- _REQUIREMENT_: Set down, exactly as written, the lines from the line holding "Promotional Product *" to the end of the data, inclusive, skipping any pictures.

- _SUPPLIED DATA_:
[Start of Attachment]

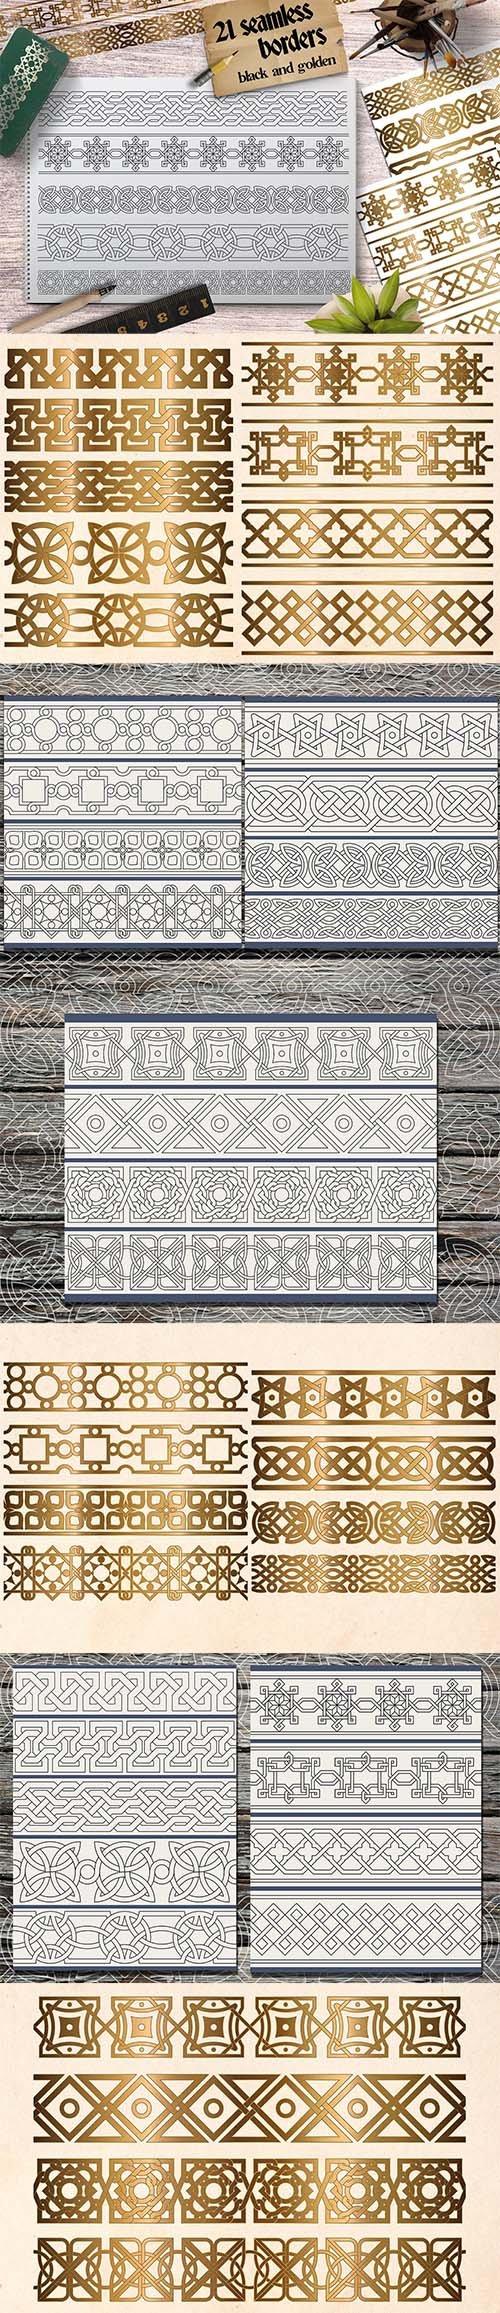 Decorative Seamless Borders
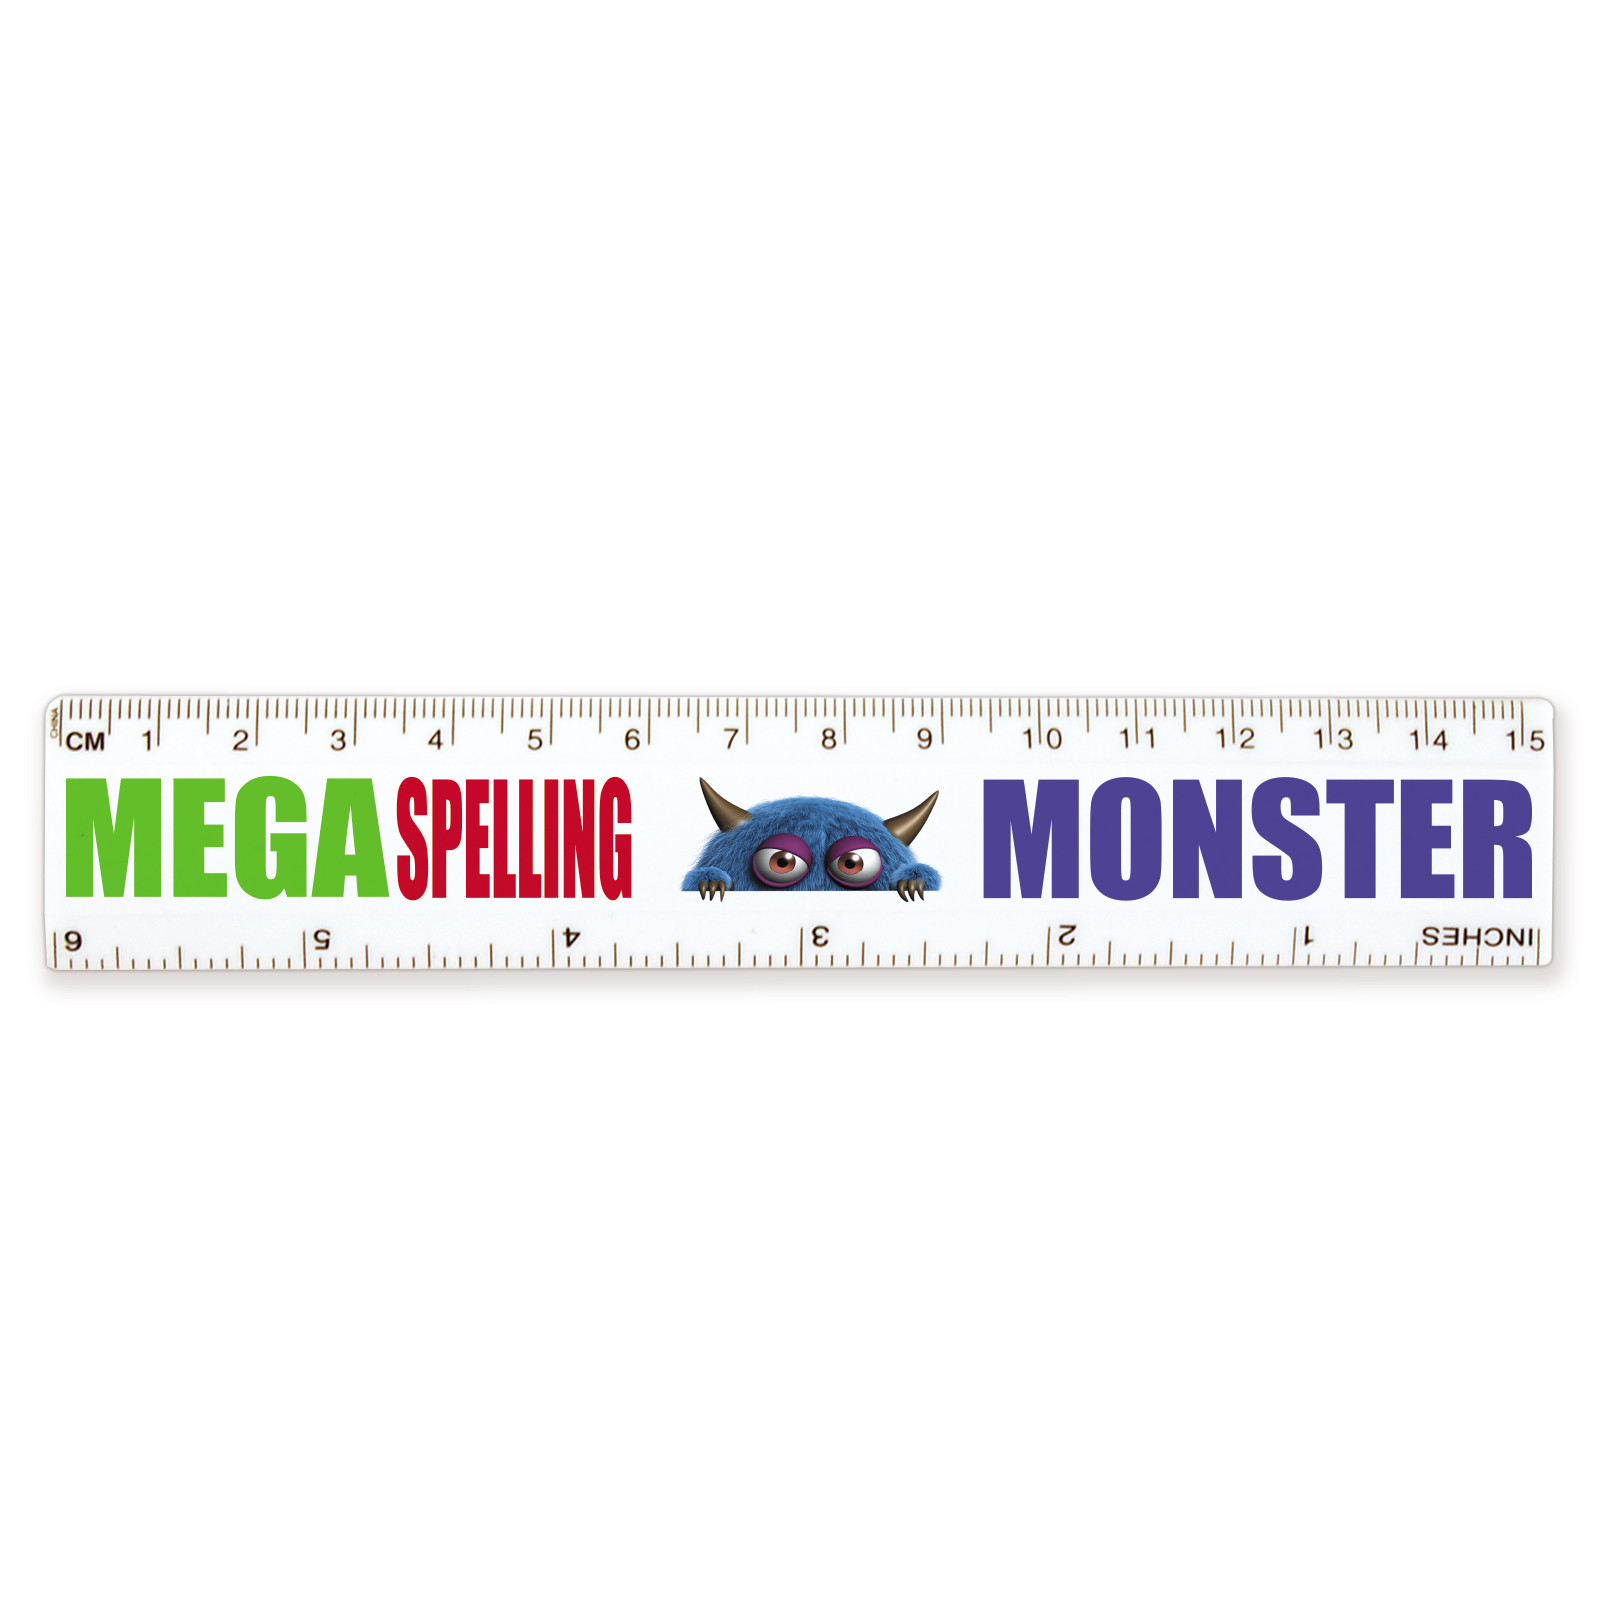 Promotional Product * 15cm White Plastic Ruler
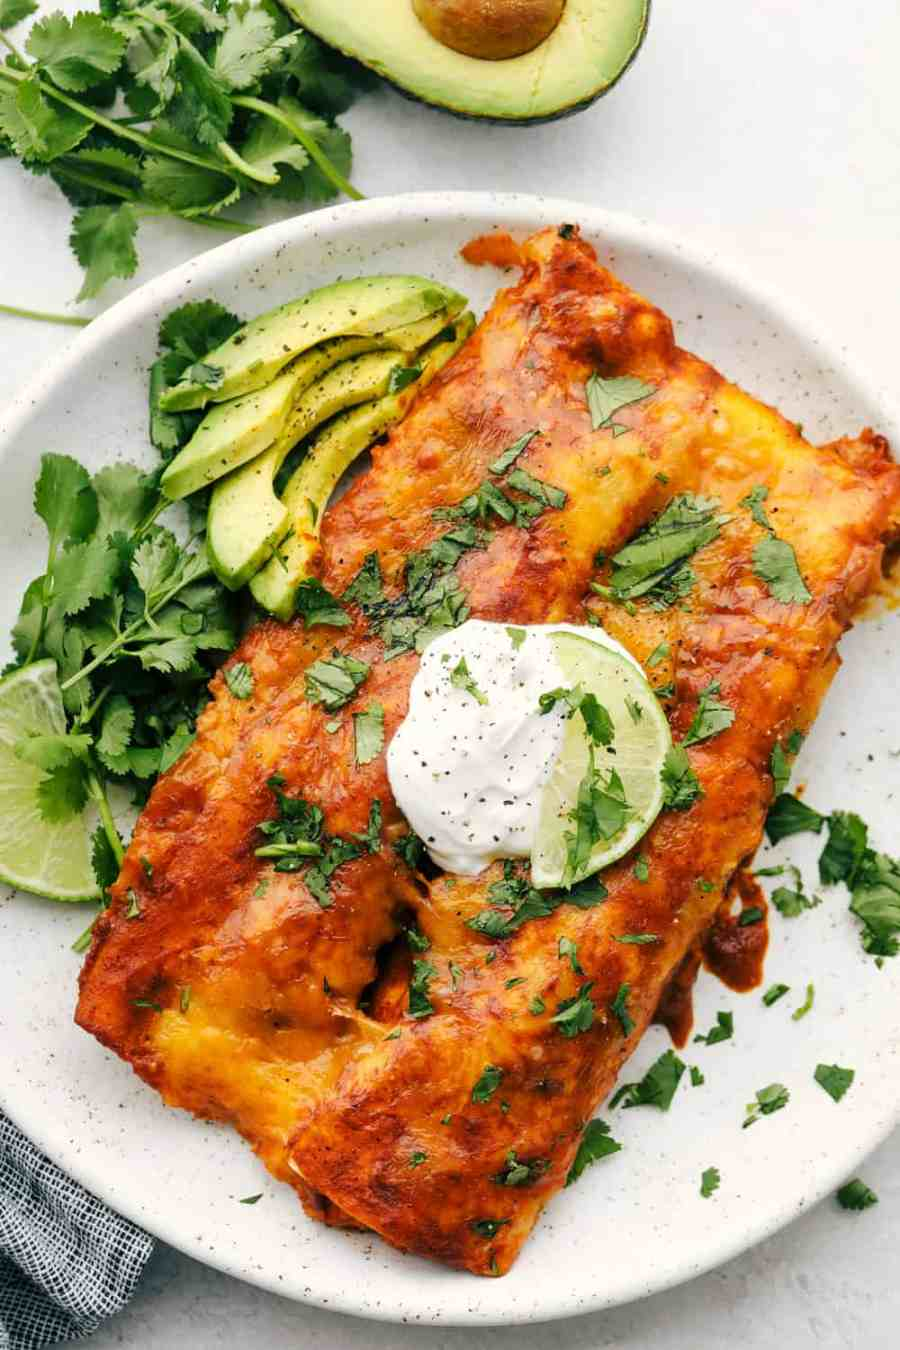 Enchiladas on a plate with sour cream and sliced avocados.

[End of Attachment]

- _RESULT BELOW_:
 Promotional Product * 15cm White Plastic Ruler
 Enchiladas on a plate with sour cream and sliced avocados.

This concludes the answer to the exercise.